▶ [Collected data]:
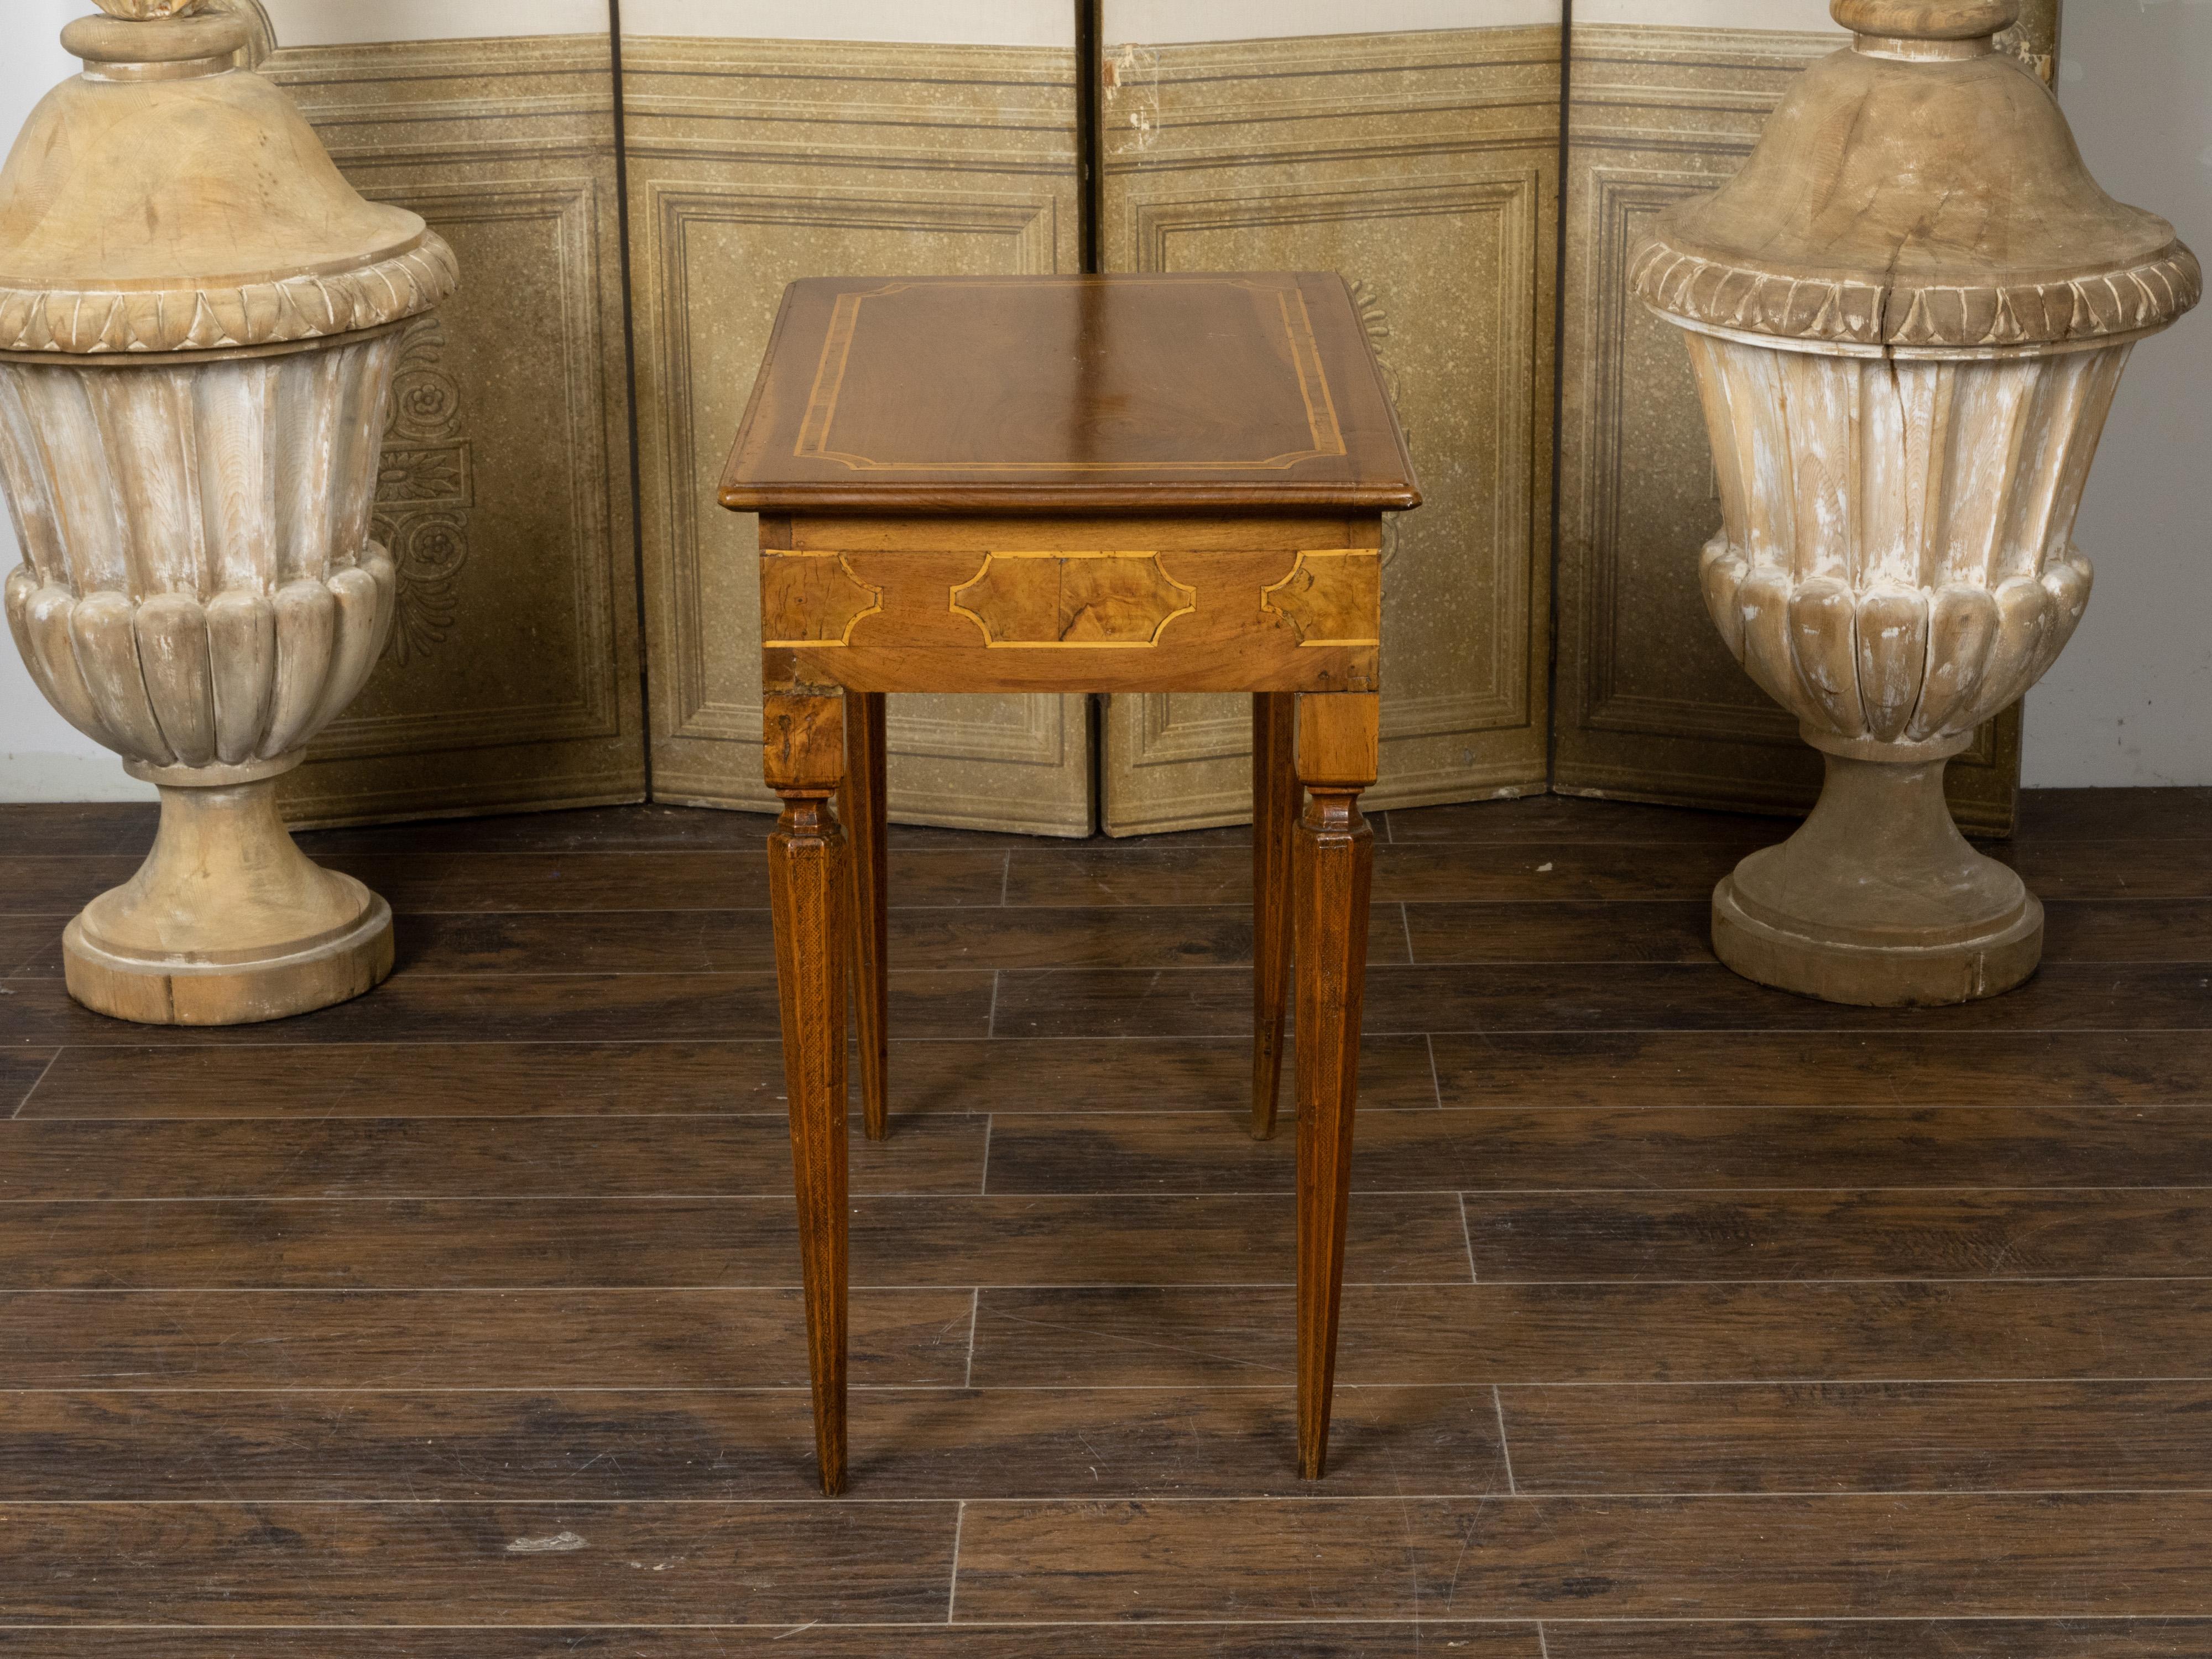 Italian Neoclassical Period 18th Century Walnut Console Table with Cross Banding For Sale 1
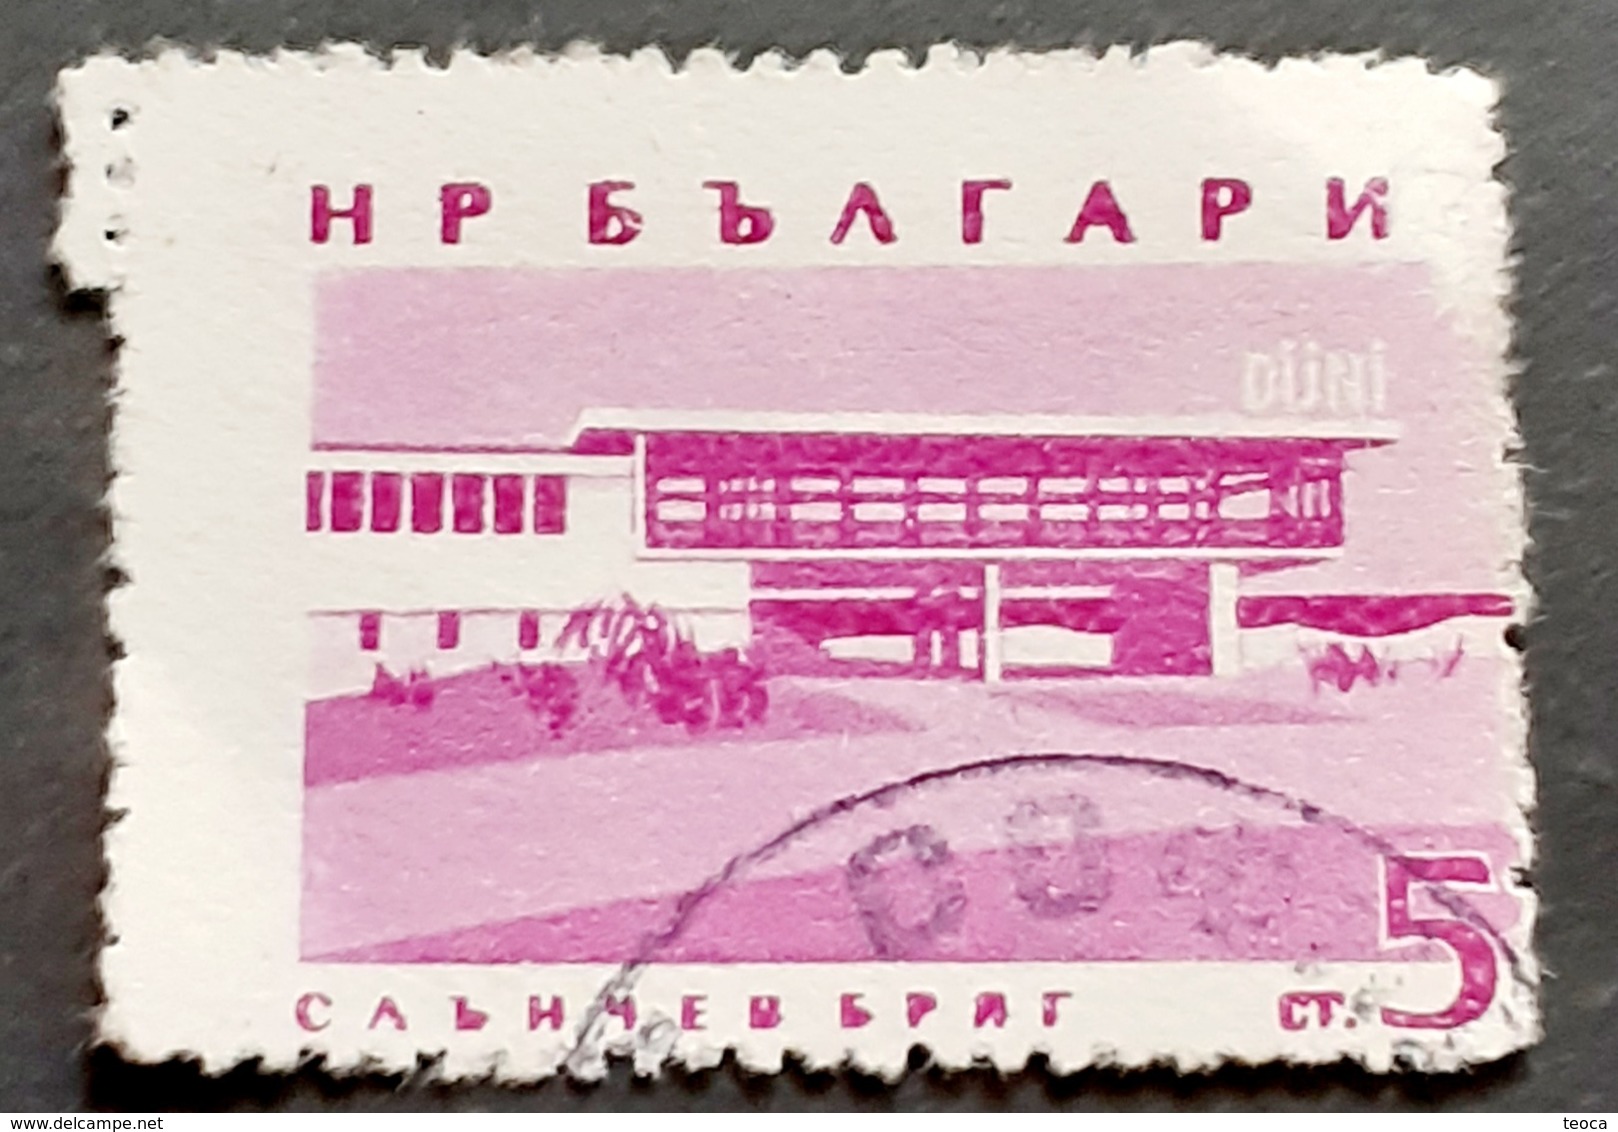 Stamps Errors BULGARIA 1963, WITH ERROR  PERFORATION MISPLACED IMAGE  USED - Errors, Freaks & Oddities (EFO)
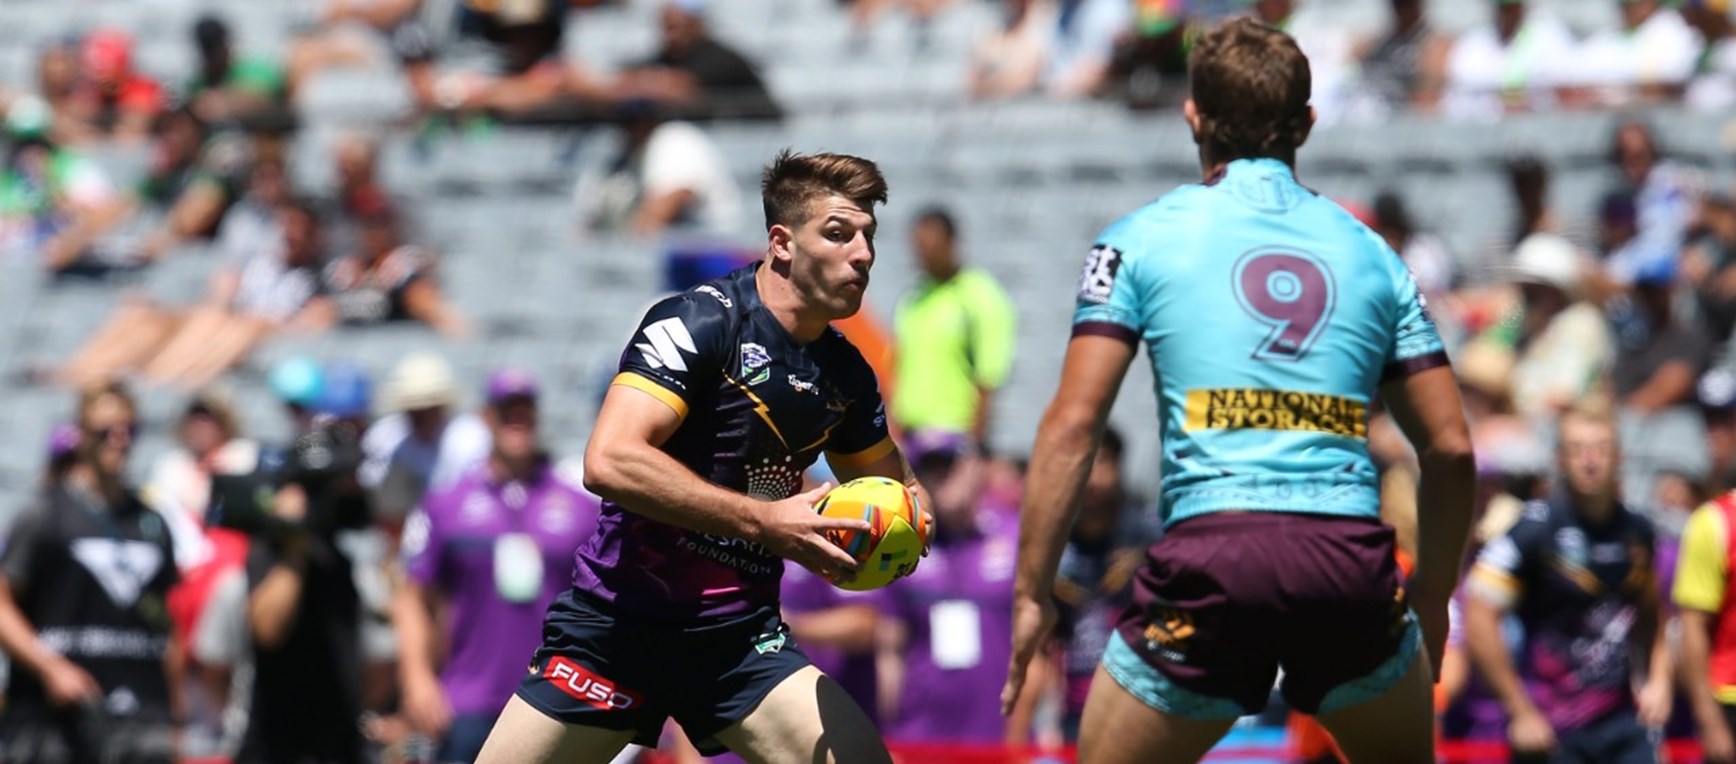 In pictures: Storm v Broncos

▶ [Your task]:
The reply has to reproduce every line above verbatim and contain no pictures.

▶ [Your solution]:
 Italian Neoclassical Period 18th Century Walnut Console Table with Cross Banding For Sale 1
 Stamps Errors BULGARIA 1963, WITH ERROR  PERFORATION MISPLACED IMAGE  USED - Errors, Freaks & Oddities (EFO)
 In pictures: Storm v Broncos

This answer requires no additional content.